Tuesday, June 30, 2009

Mussels in White Wine Sauce


My life has been quite chaotic recently, traveling between Hungary, Slovenia, Croatia, and Germany since I last posted. Now that I am back in New York, I should find myself with plenty of time for activities such as digital communication and blogging. w00t w00t! So here is a recipe from my travels. Rovinj, Croatia enchanted me thoroughly with its island views, seafood and truffle laced cuisine, and Venetian architecture. On one fine day we made a trip to the fish market to scout the bounty.
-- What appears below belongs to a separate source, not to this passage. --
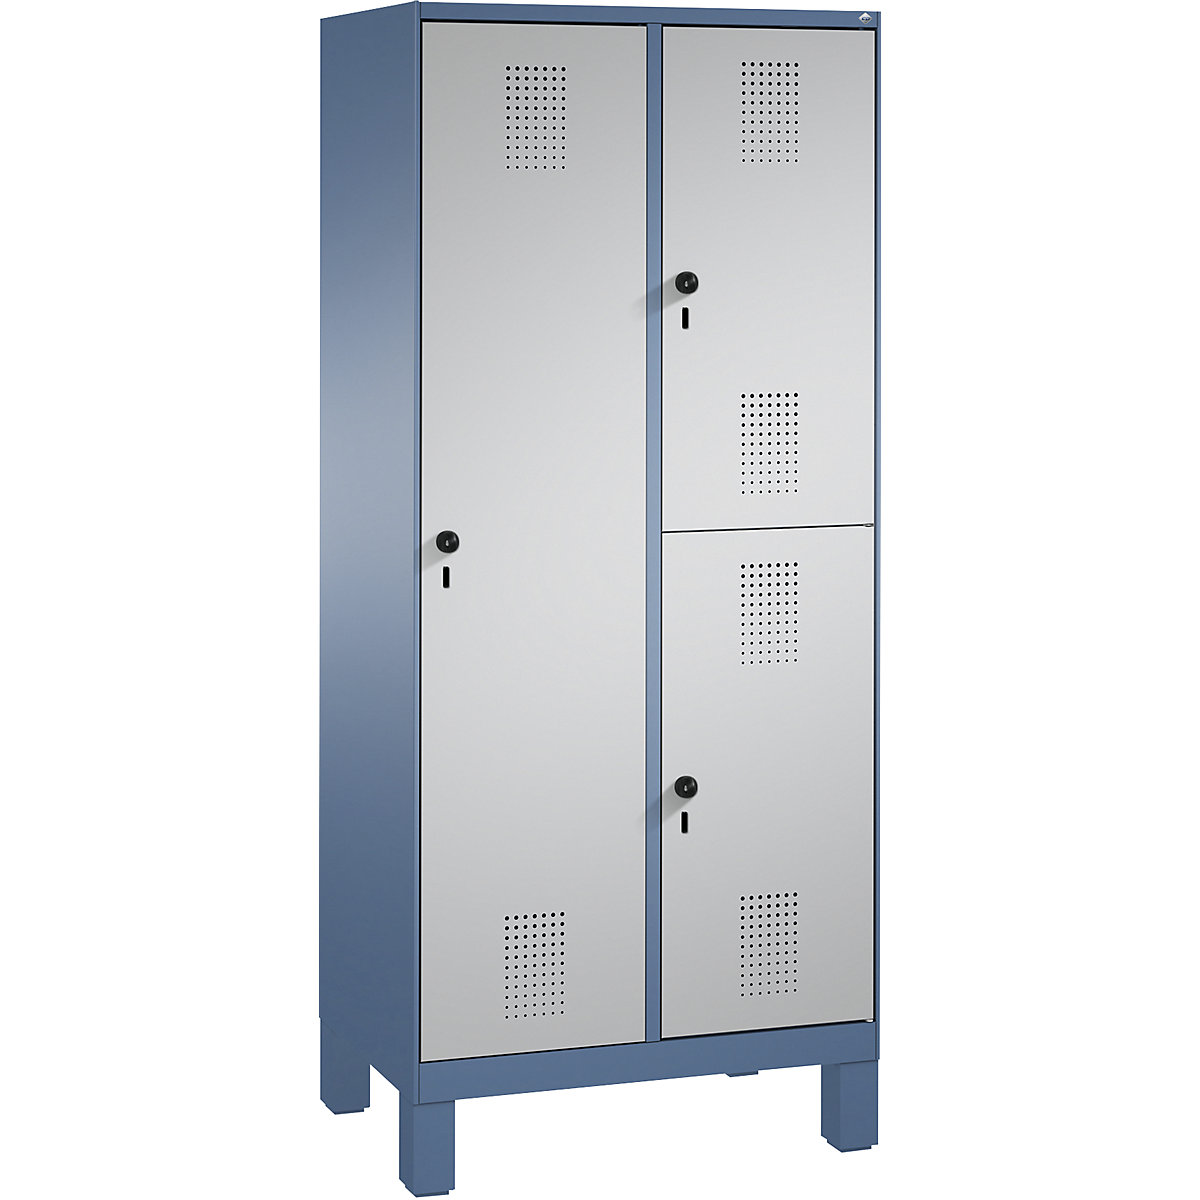 EVOLO combination cupboard, single and double tier – C+P, 2 compartments, 3 doors, compartment width 400 mm, with feet, distant blue / white aluminium

After much deliberation, we settled on mussels for our dinner. And the results were phenomenal.

1.5 kilo of mussels
3 cups white wine
3 big cloves garlic (chopped)
3 large tomatoes (chopped)
Olive oil
Pepper
Fresh herbs (parsley, rosemary, sage)
1 box linguine

Be sure to wash each mussel thoroughly. These guys can be full of bacteria, so it's worth the effort to scrub. Also, only use mussels that are closed. If it is open, poke it to see if it closes its shell in reaction. If it doesn't, it is dead, and you do not want to eat it.

Pour the wine into a large pot with a lid. Add garlic, tomato (keep some aside for topping the final dish), fresh herbs, pepper, and a small amount of olive oil to the pot. Let cook over high heat until boiling. Add mussels to pot and cover. When steaming, reduce heat. After about 5 minutes, mussels should begin to open up. Remove each mussel immediately after it opens so as not to over cook it and cause it to be rubbery. Some mussels may take much longer than others to open.


Once all the mussels are open, serve over some al dente linguine and cover with the sauce that the mussels cooked in. The shellfish will release all sorts of juices into this broth, so it will be salty and flavorful and amazing. Be sure to have some bread on hand for sopping it up. Top your linguine and mussels and sauce with some fresh tomatoes and herbs. Adriatic ecstasy.